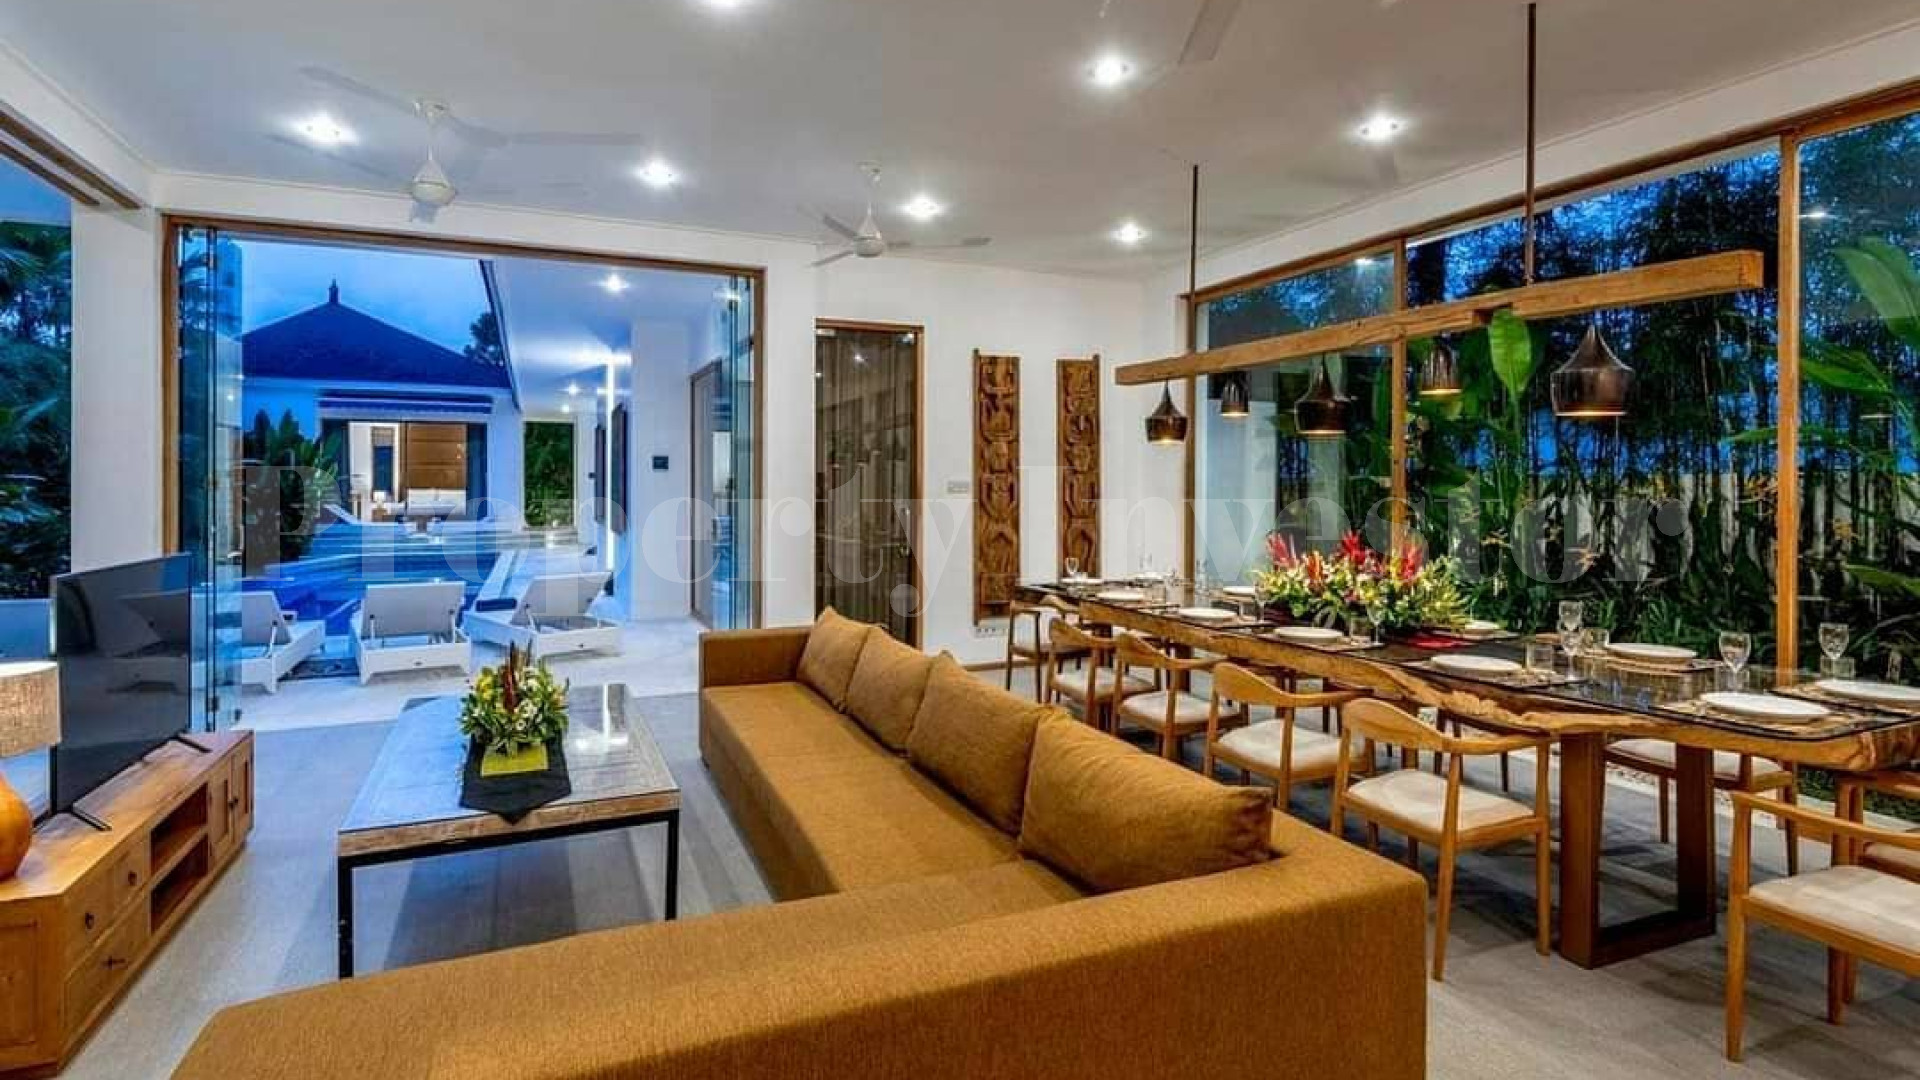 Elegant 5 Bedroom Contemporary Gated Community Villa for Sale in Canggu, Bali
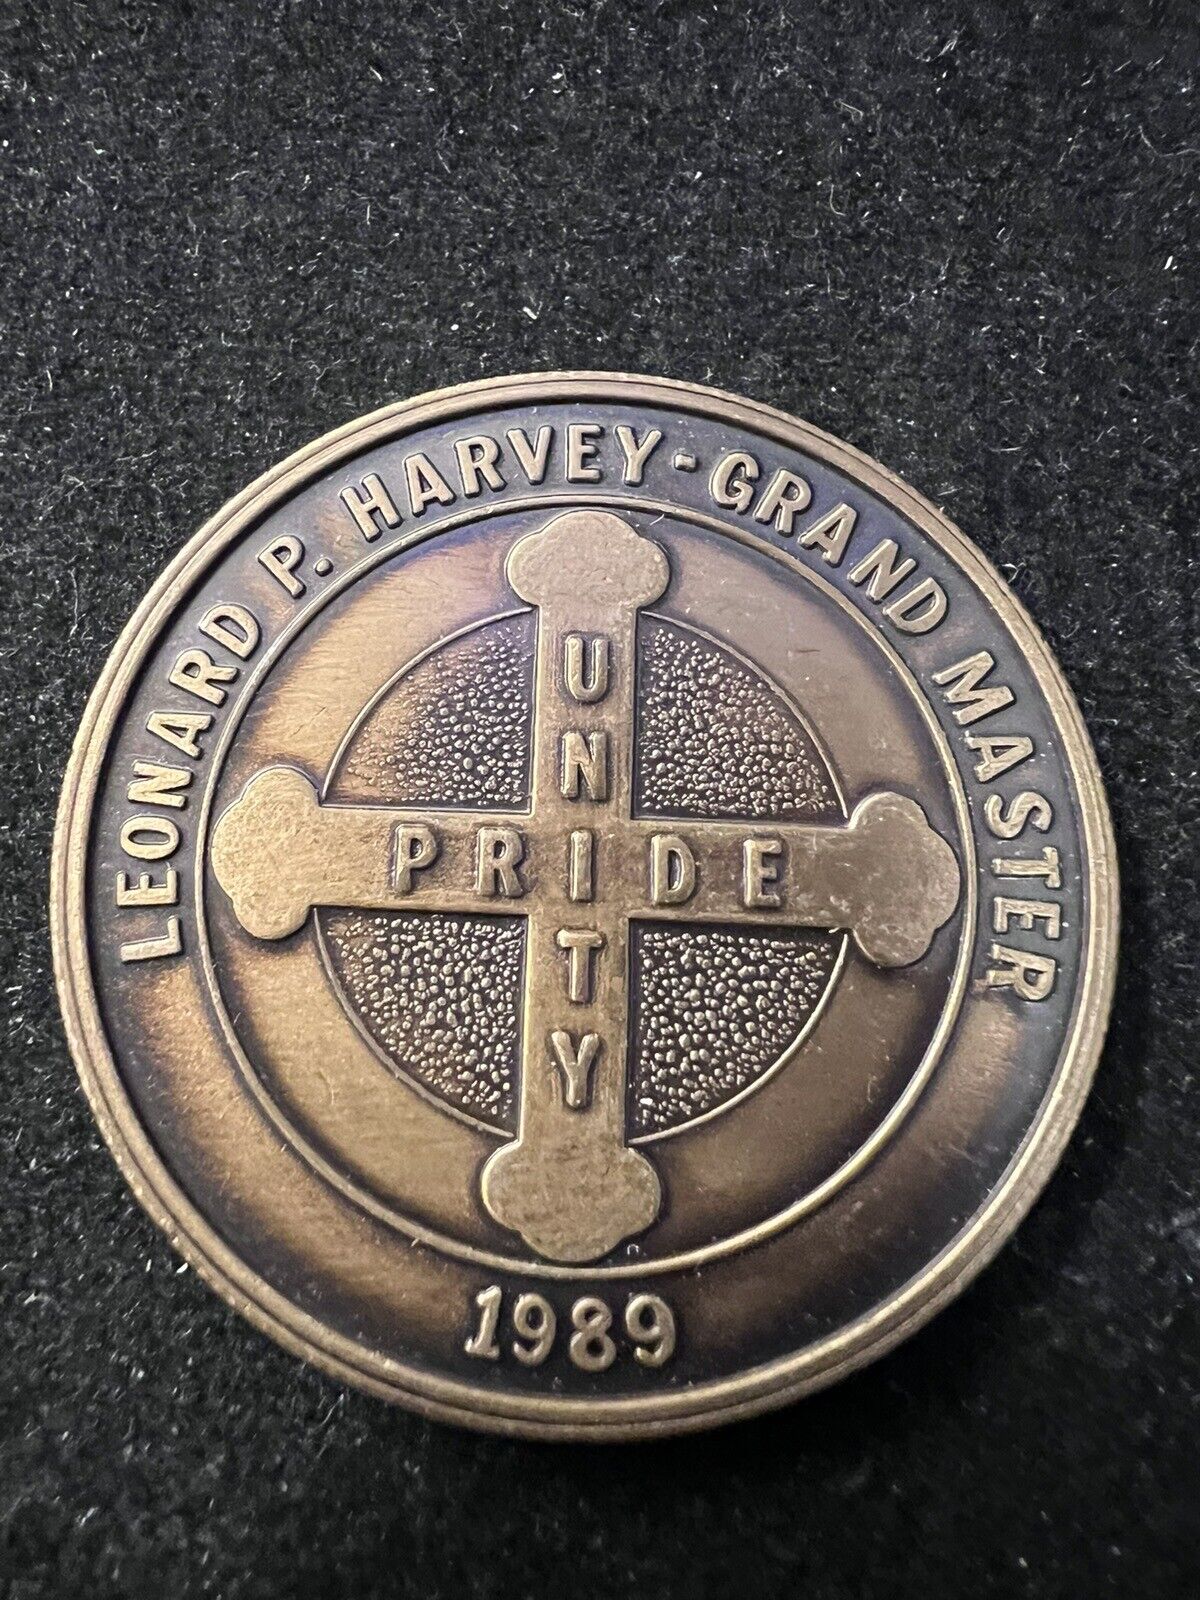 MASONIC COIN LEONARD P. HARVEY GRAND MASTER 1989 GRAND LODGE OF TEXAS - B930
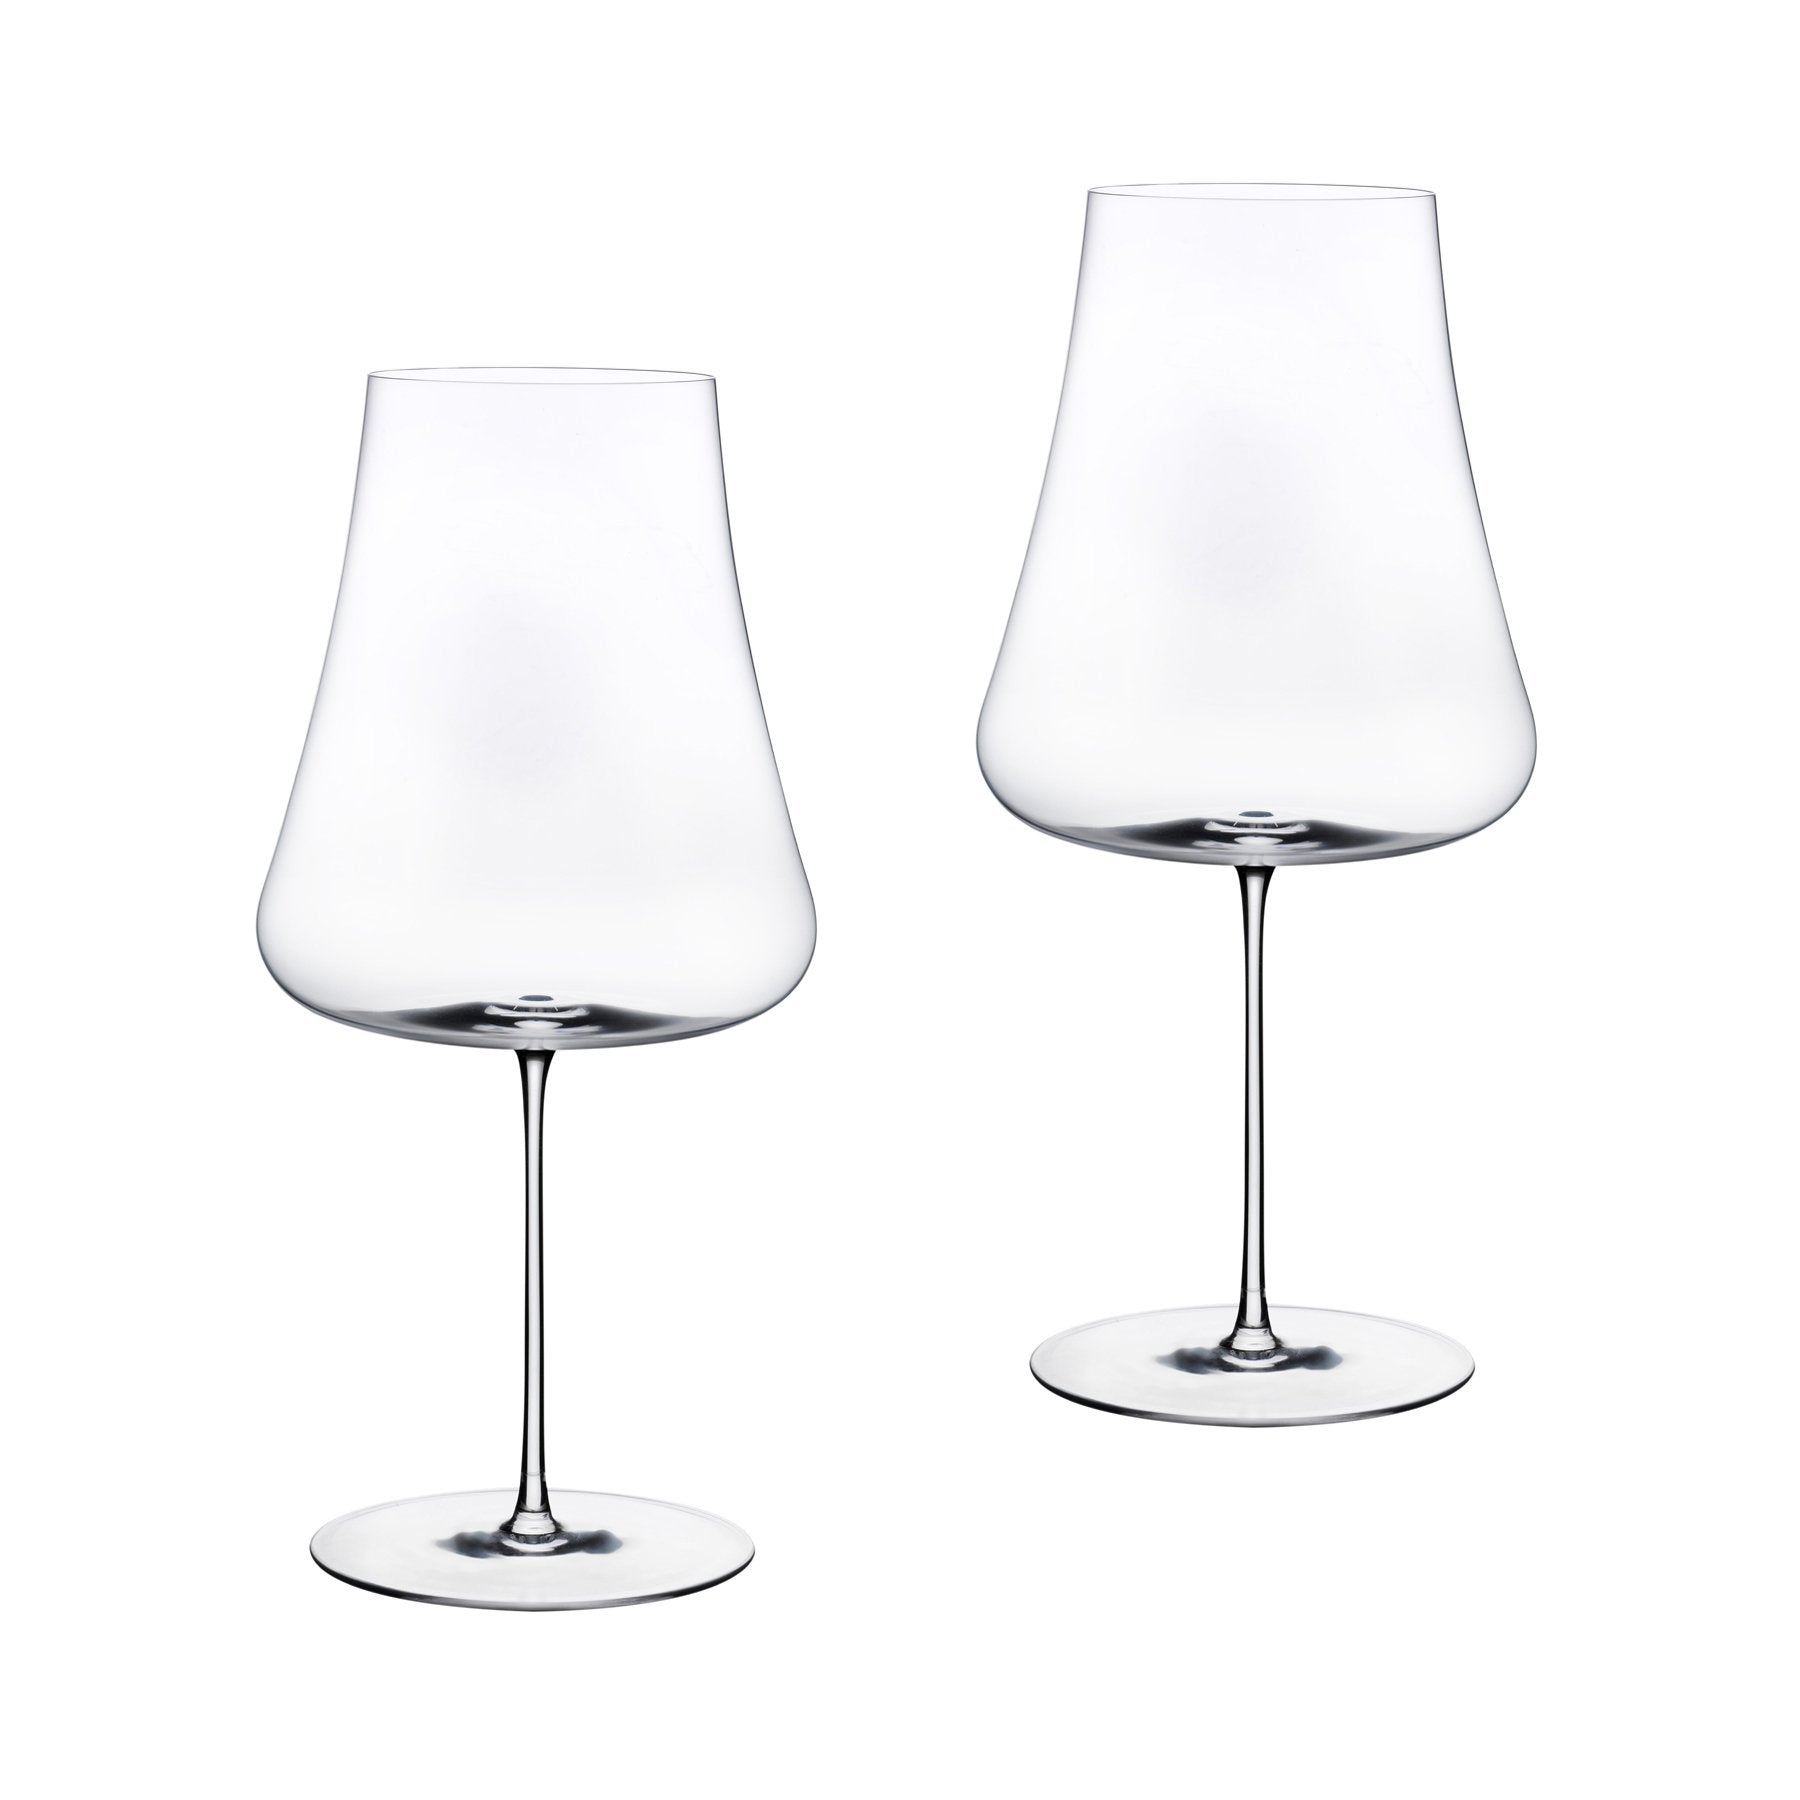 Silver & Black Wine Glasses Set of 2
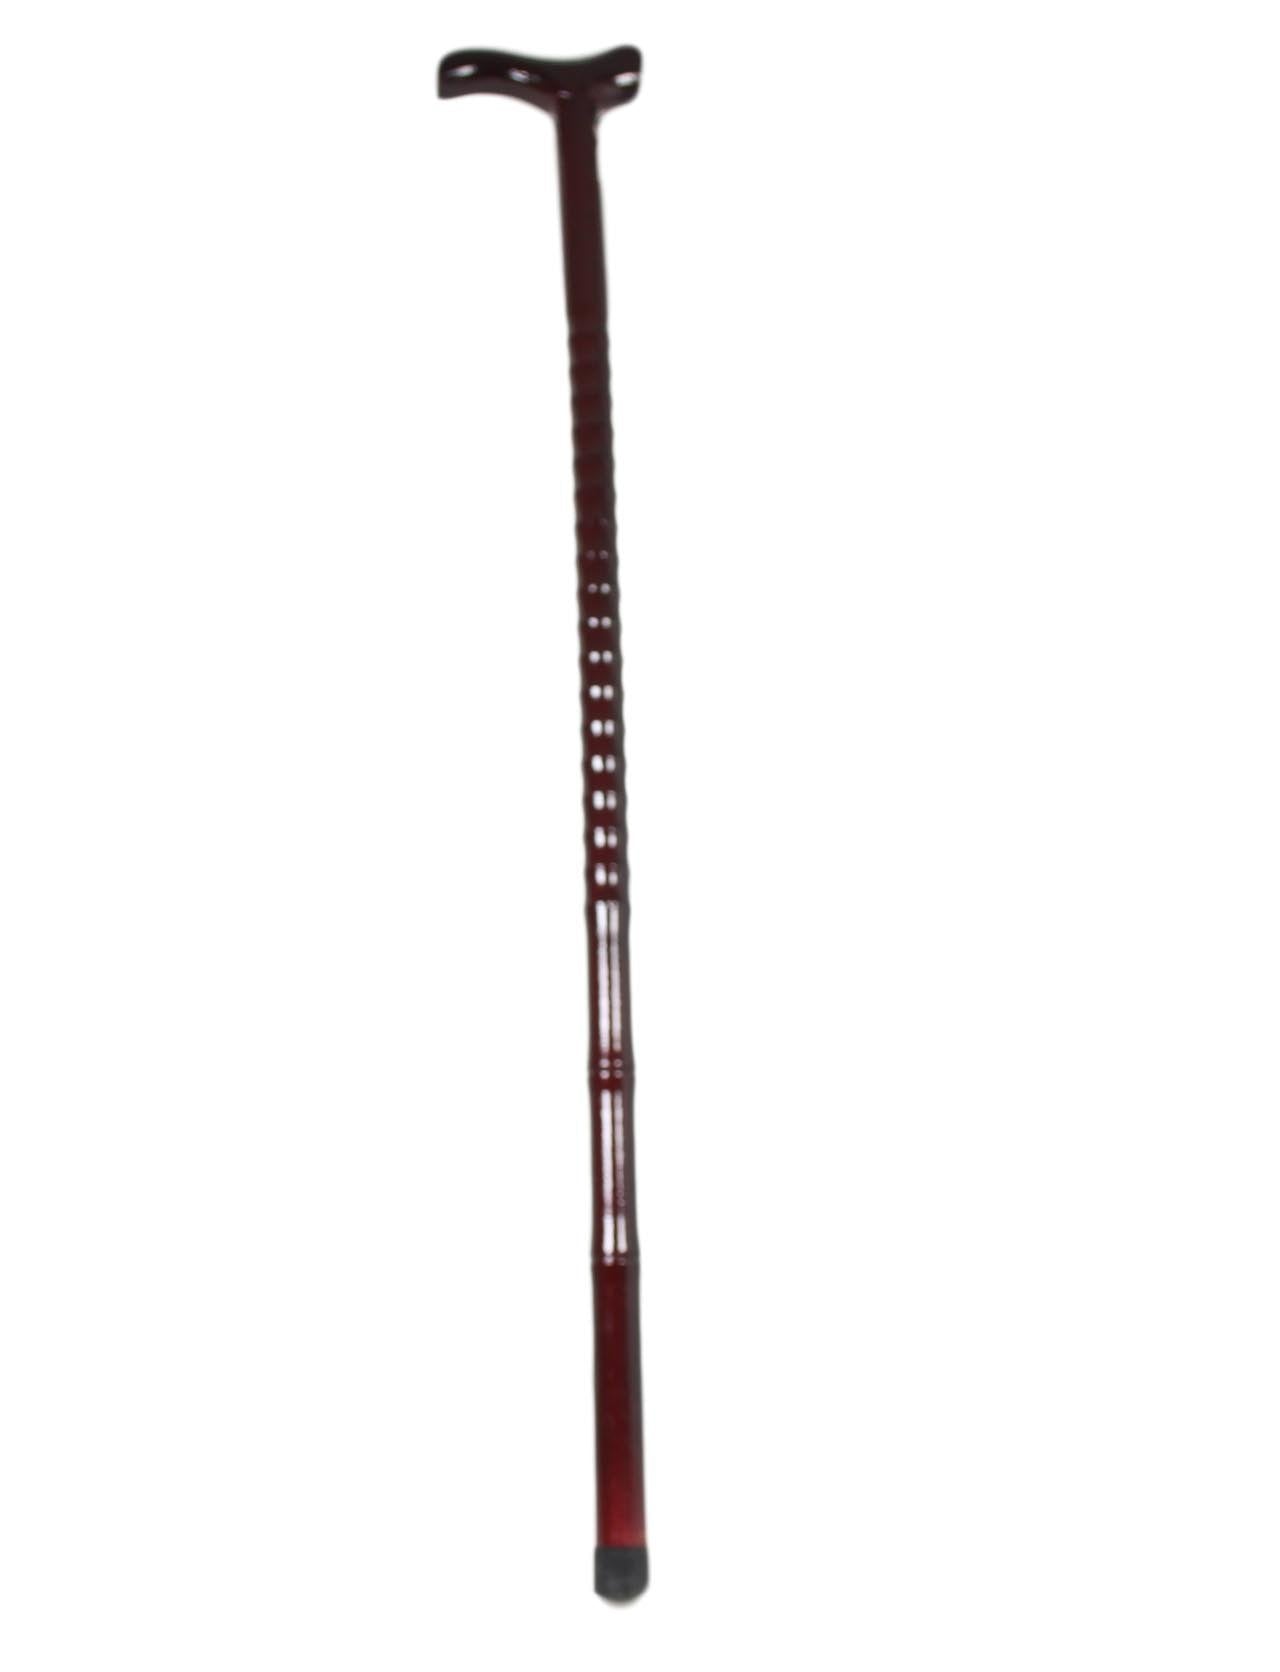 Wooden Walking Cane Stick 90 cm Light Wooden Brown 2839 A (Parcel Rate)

What you have to do:
Could you restate exactly the lines from the line containing "Silver & Black Wine Glasses Set of 2" through the end of the listing, both ends included and nothing else, leaving the images out?

Your solution:
 Silver & Black Wine Glasses Set of 2
 Wooden Walking Cane Stick 90 cm Light Wooden Brown 2839 A (Parcel Rate)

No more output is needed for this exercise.